# Archery Jewelry: Bow and Arrow Pendant Necklace



## jewelz (Mar 27, 2009)

very pretty I like that a lot.


----------



## TTCurlGirl (May 2, 2008)

*Necklace*

Love it! Love it! The price is more than right too!


----------



## mkmabe (Apr 15, 2009)

I like that a lot! It's very pretty


----------



## alpinebowoman (Mar 5, 2008)

This is so crazy! My husband got me one!!
I just got it yesterday! I love it! Every one at my work liked it too!!

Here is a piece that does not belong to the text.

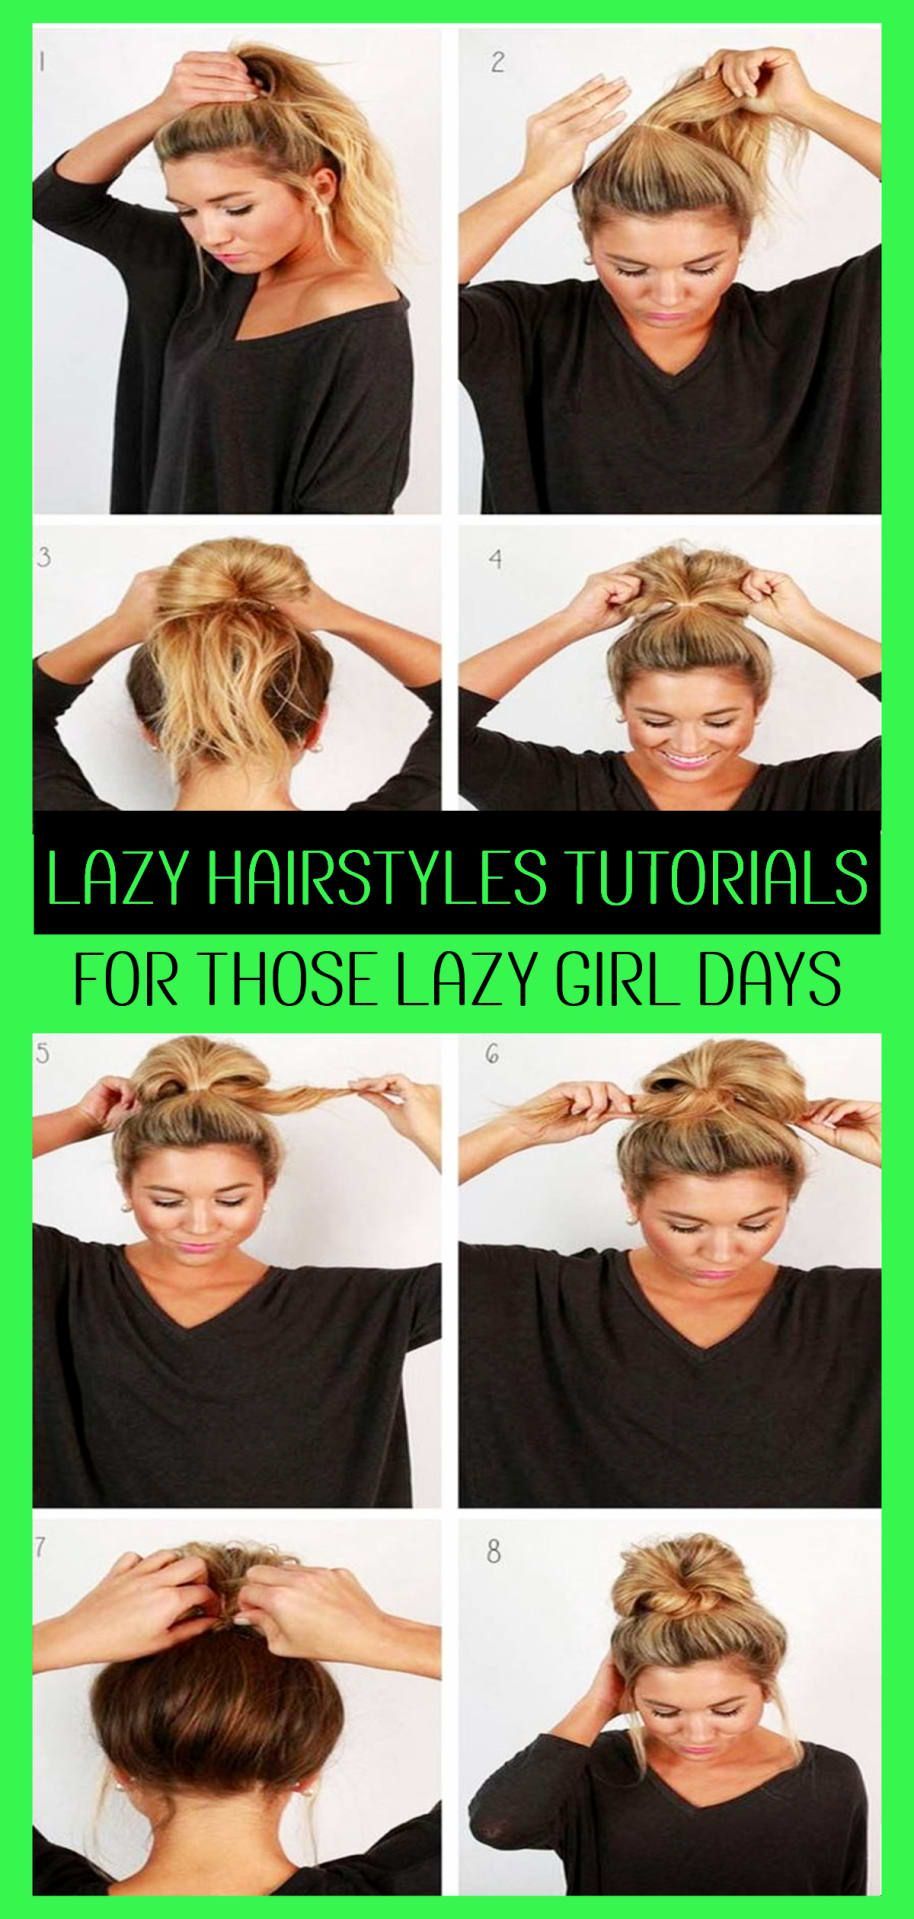 10 EASY Lazy Girl Hairstyle Ideas {Step By Step Video Tutorials For Lazy Day Running Late Quick Hairstyles} -   16 hairstyles Quick lazy girl ideas
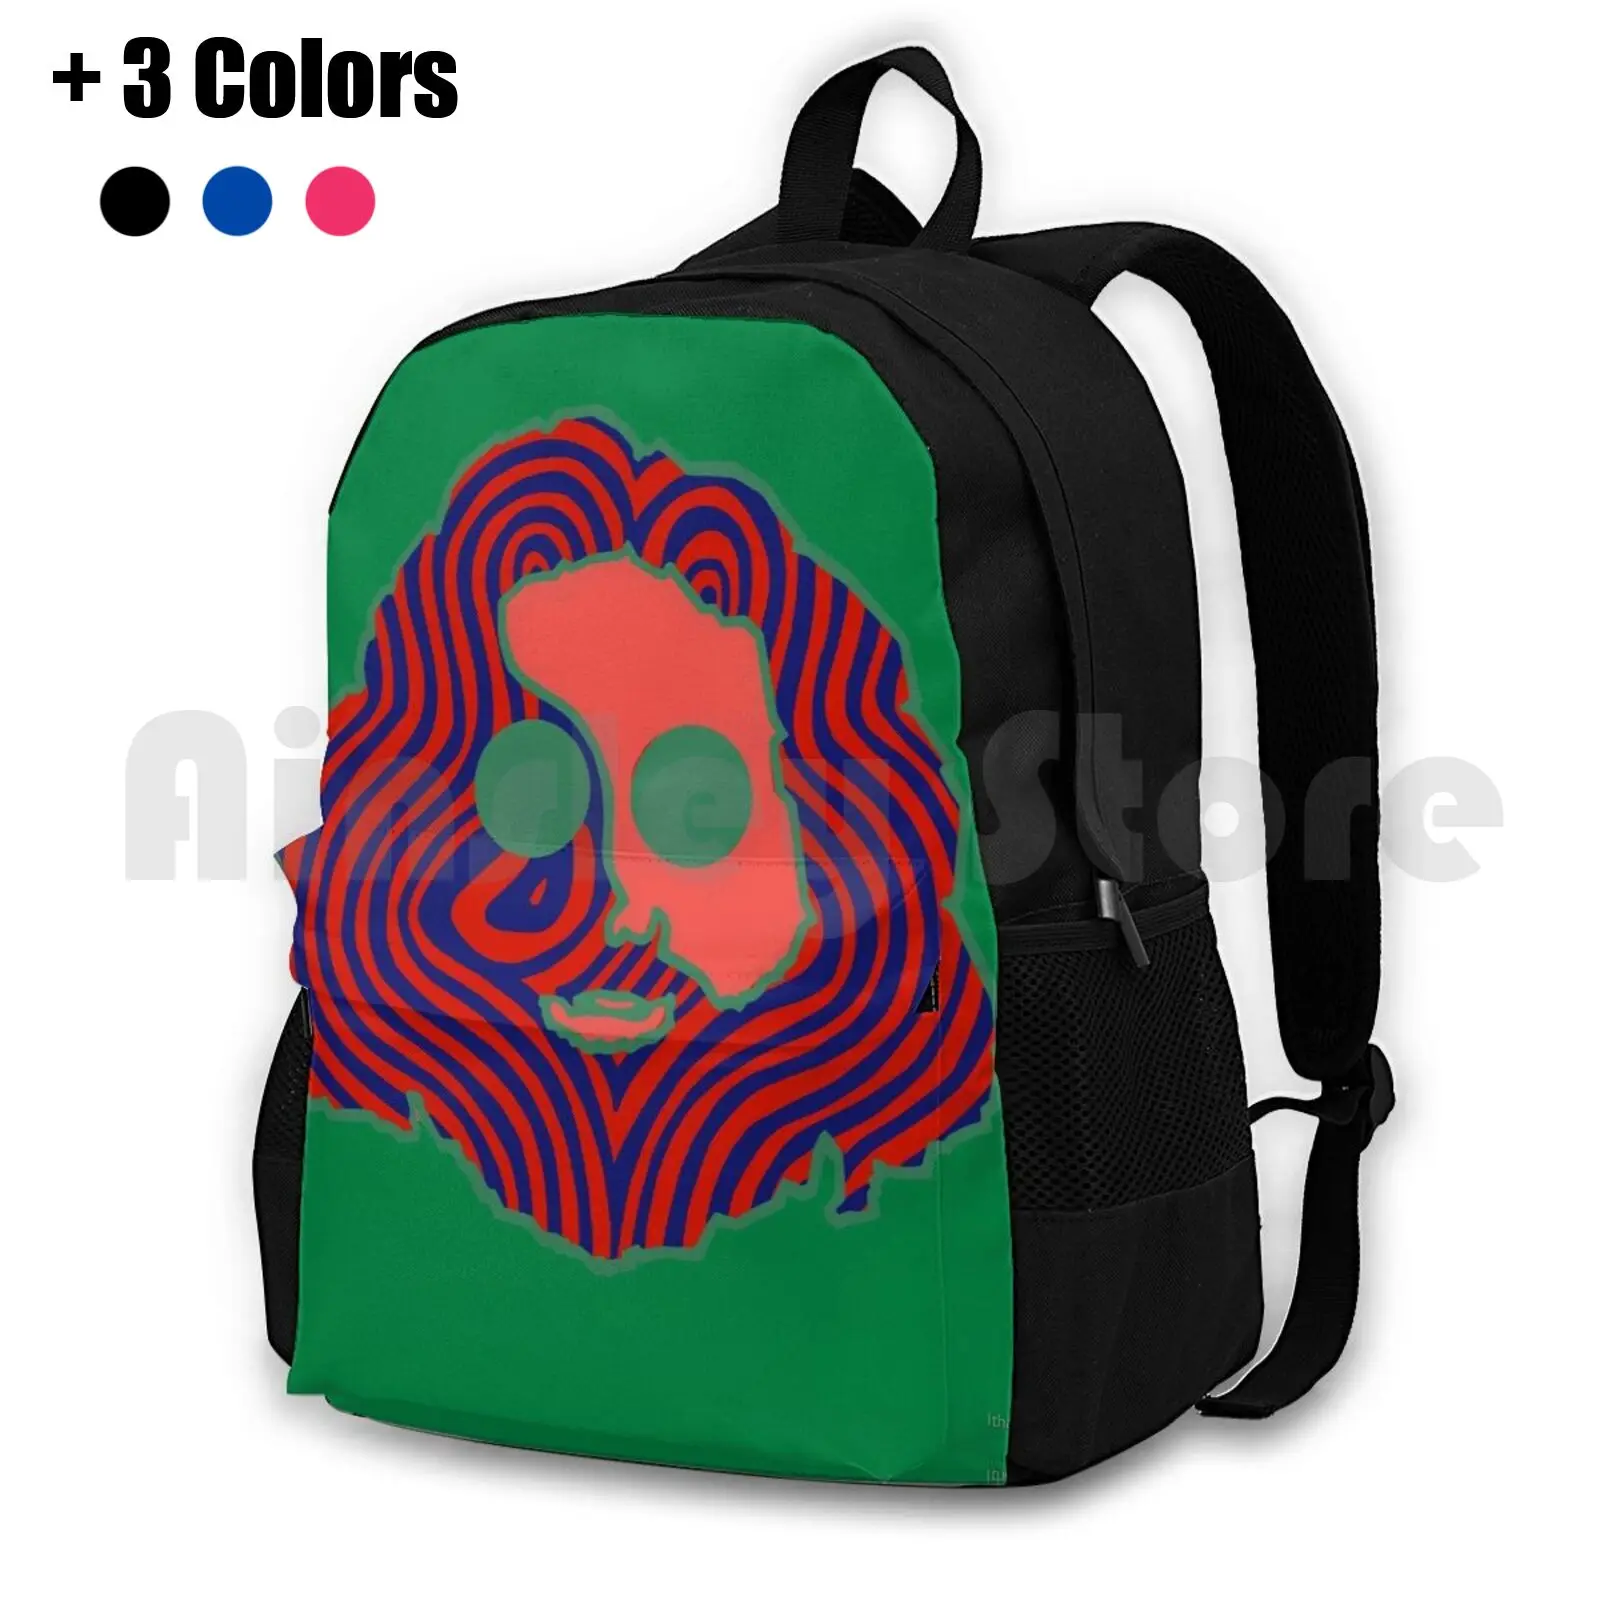 

Jerry Face Outdoor Hiking Backpack Riding Climbing Sports Bag Jerry Grateful Dead Jam Band Portrait Tour Trippy Stylized Cutout

No one believed me when I told them that my husband got it for me...just because! No special reason! I told them all....cuz He loves me!


----------



## z28melissa (Feb 8, 2007)

I like that a lot! Can't beat that price either!


----------



## TN- archerychic (Jun 4, 2007)

I love it.


----------



## BowtechBlonde (Apr 13, 2009)

*awesome*



alpinebowoman said:


> This is so crazy! My husband got me one!!
> I just got it yesterday! I love it! Every one at my work liked it too!!
> 
> No one believed me when I told them that my husband got it for me...just because! No special reason! I told them all....cuz He loves me!


Isn't that nice when our hubbies do that?! I found the necklace, so I just ordered it. Then yesterday my hubby surprised me with the pink Morrell target "The Crush." I was so excited! now if this stupid wind would stop being so crazy I could go out and shoot at it! :smile: Anyway, it's nice when we get surprises.


----------



## CBurch (Dec 18, 2008)

LOVE it!!!


----------



## mkmabe (Apr 15, 2009)

I just bought one! I absolutely love it!


----------



## mathewsgirl13 (Mar 12, 2007)

My hubby got me one in January and I absolutely love it!


----------



## alpinebowoman (Mar 5, 2008)

BowtechBlonde said:


> Isn't that nice when our hubbies do that?! I found the necklace, so I just ordered it. Then yesterday my hubby surprised me with the pink Morrell target "The Crush." I was so excited! now if this stupid wind would stop being so crazy I could go out and shoot at it! :smile: Anyway, it's nice when we get surprises.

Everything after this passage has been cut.